Aber Achtung: Sind die Töpfe für Mini-PV-Anlagen leer, gibt es auch (zunächst) keine Förderung mehr.
Die Nutzungsdauer
Die Nutzungsdauer ist bei Mini-PV-Anlagen umstritten. Hier fehlen noch Vergleichswerte. Hersteller sprechen von etwa 25 Jahren. Im Schnitt sollten Nutzer von einer Zeit um die 15 Jahre ausgehen.
Muss der Vermieter zustimmen
Muss der Vermieter zustimmen, kann dieser unter Umständen sogar das Balkonkraftwerk verbieten? Grundsätzlich eher nein.

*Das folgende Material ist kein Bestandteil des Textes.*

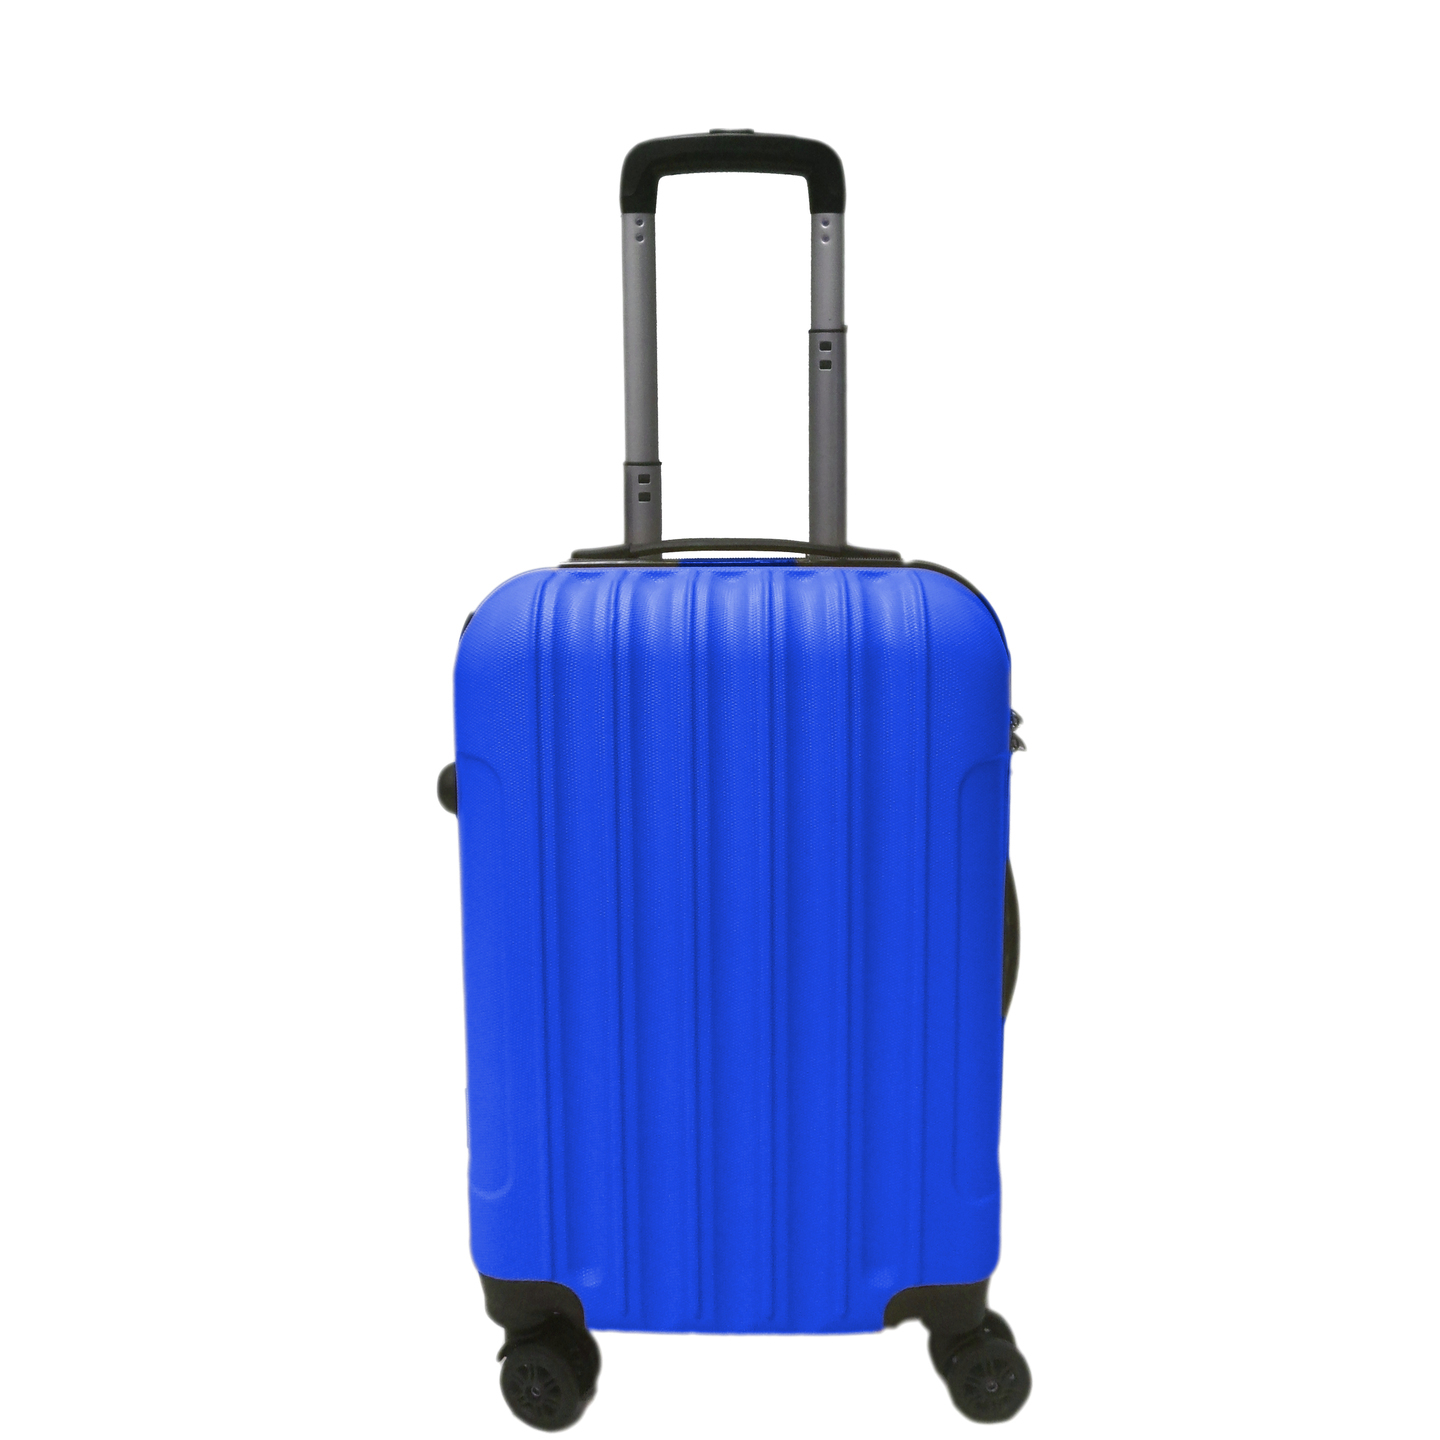 Elegant Hard Box Luggage - Blue

So urteilte bereits das Amtsgericht Stuttgart (siehe 30.03.2021 – 37 C 2283/20), dass ein Balkonkraftwerk dem Umweltschutz dient und damit über den Interessen des Vermieters steht. Damit sei die Mini Anlage im Zuge der politisch angestrebten Energiewende vertretbar und als Staatsziel in Art. 20a HGG verankert.
Allerdings müssen auch bestimmte Voraussetzungen durch Mieter erfüllt werden:
- Optisch nicht störend
- Baurechtlich zulässig
- Leicht rückbaubar
- Fachmännisch installiert
- Keine erhöhte Brandgefahr
Es wird empfohlen, unbedingt vor Montage mit dem Vermieter Rücksprache zu halten. Eine Haftpflichtversicherung sollte vorhanden sein und für Solaranlagen angepasst werden. Unter Umständen kann es zu höheren Kosten kommen.
Fazit zum Balkonkraftwerk
Eine Mini-PV Anlage macht nur dann Sinn, wenn der Balkon tatsächlich fast täglich von der Sonne eingefasst wird. Ganz wichtig ist natürlich der Zuschuss (der sollte mindestens 200 Euro betragen), ohne diesen rentiert sich das Balkonkraftwerk kaum, auch wenn es wörtlich als ein kraftvolles Gebilde beschrieben wird.
Die Mini-PV-Anlage ist vor allem für Menschen geeignet, die gerne mehr zum Umweltschutz beitragen wollen oder die einfach Spaß an Technik haben. Wer hingegen den Kauf tätigt, um Einsparungen zu erzielen, dürfte am Ende enttäuscht werden.